Совершается чудо литургии, власть ее речи, неизменно возрождающееся обаяние стихов, созданных далекими временами, молений, сложенных умершими веками. Все минуло, не сохранилось ничего, чему поклонялись ушедшие столетия. Но уцелели священные стихи, выкрикиваемые теперь равнодушными голосами и мысленно повторяемые ничтожными сердцами, и эти слова сами собой предстательствуют, трепещут, молят о пощаде, исполненные самодовлеющей силы, чудодейственных влияний, неотчуждаемой красоты, мощной непоколебимости своей веры. Да, Средние века передали в наследство нам этот дар, чтобы помочь нашему спасению, если можно только спасти душу современной маски, мертвой маски!
В наши дни, решил Дюрталь, в Париже ничего не осталось достойного, кроме почти одинаковых церемониалов пострижения и погребения. Беда только, что похоронная роскошь неистовствует, когда отпевают богатого покойника.
Утварь, которую тогда извлекают, способна довести до умопомрачения: серебряные статуи, безобразного вида цинковые вазы, в которых пылает зеленый огонь, жестяные канделябры на рукоятках, напоминающих обращенную жерлом вверх пушку, воздымают подсвечники, напоминающие пауков, опрокинутых на спину и держащих лапками зажженные свечи, — весь металлический лом времен первой Империи, разубранный рельефом розеток, листьев аканта, крылатыми песочными часами, ромбами, греческими украшениями. Кошмар усугубляется тем, что возвышая жалкое великолепие церемоний, исполняют музыку Массне и Дюбуа, Бенжамена Годара и Видора или, хуже того, музыку, которая напоминает смесь ризницы с кабаком.

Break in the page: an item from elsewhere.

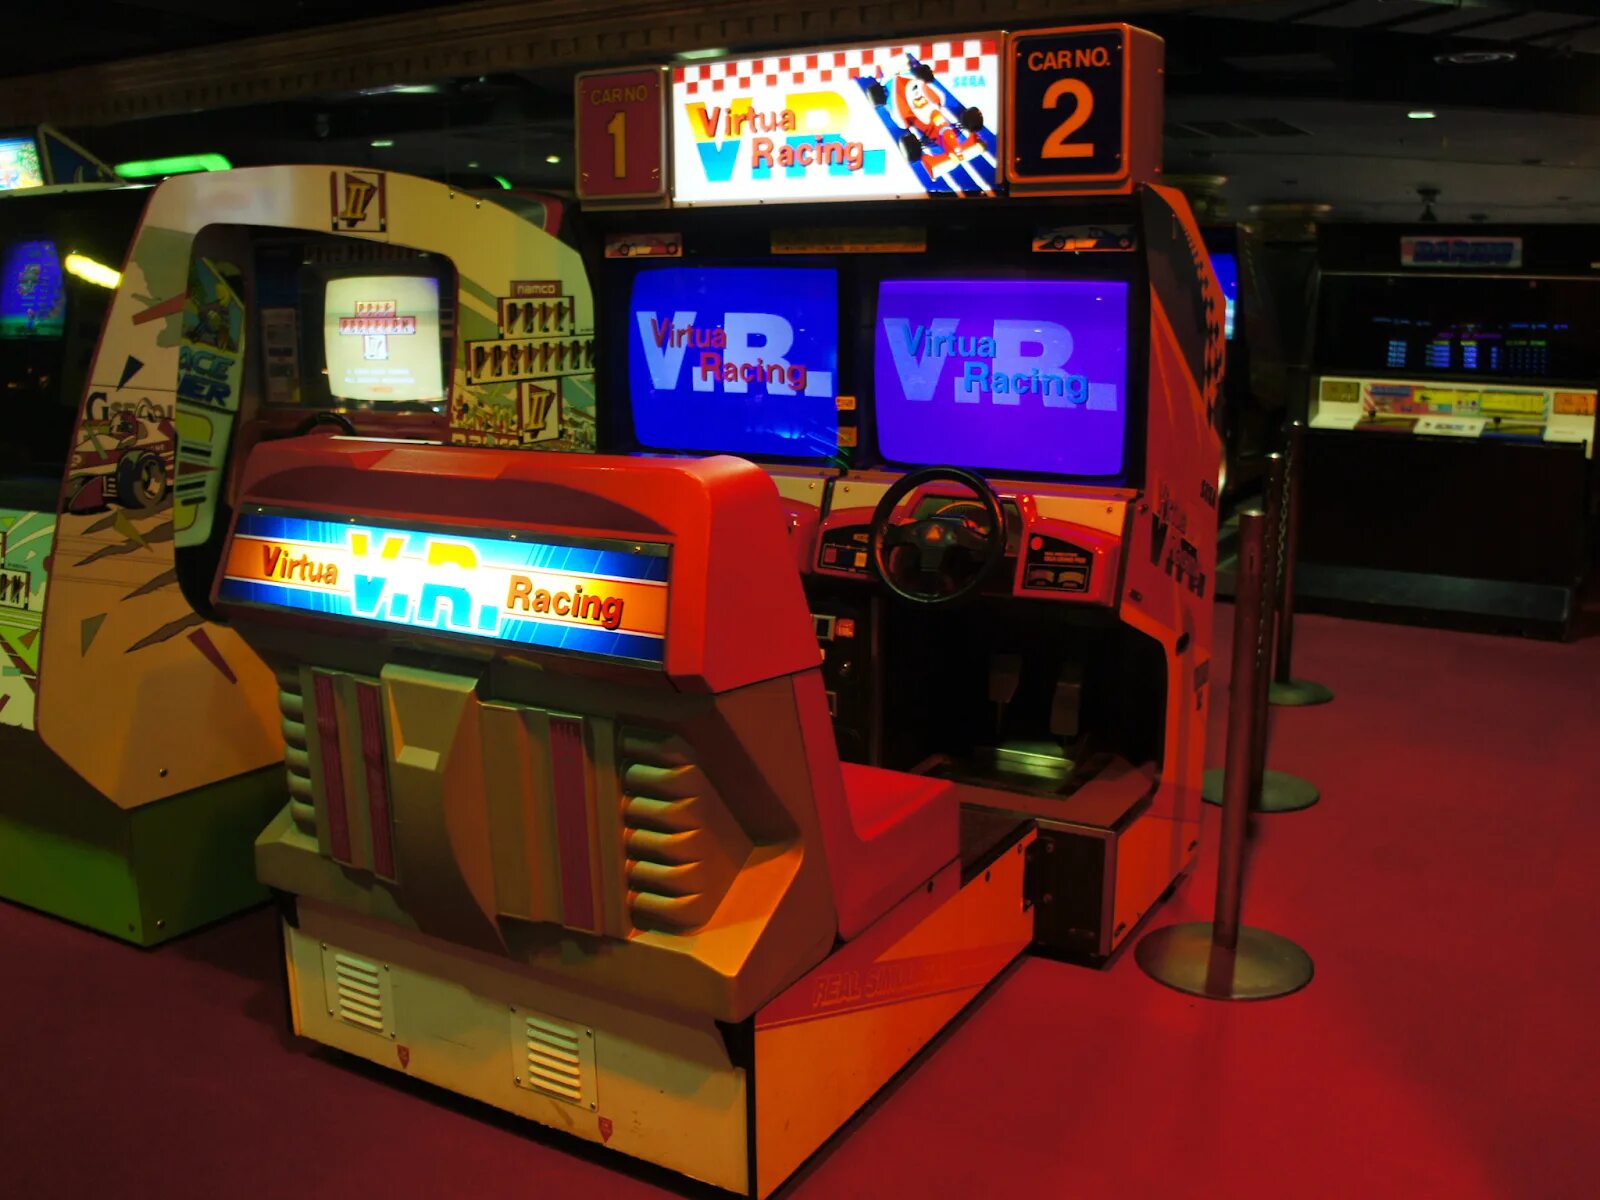 Драйв автоматы. Игровой автомат "Sega Rally 2". Игровой аппарат Sega Virtua cop. Ridge Racer аркадный автомат. Игровой автомат Форд рейсинг.

Помимо всего, лишь на отпевании богатых можно услышать бури рокочущих органов, скорбное величие церковных песнопений. Недоступны беднякам ни хор, ни орган — всего несколько горсточек молитв да три взмаха кропилом. И еще одного мертвеца оплакивают и уносят!
Размышления Дюрталя прервались на время, после чего он задумался:
‘Не следует мне, впрочем, слишком хулить богатых толстяков. В сущности, лишь благодаря им я теперь слушаю дивную заупокойную обедню. Господа эти при жизни, быть может, никому не сделавшие добра, оказывают некоторым, сами того не сознавая, милость после смерти’.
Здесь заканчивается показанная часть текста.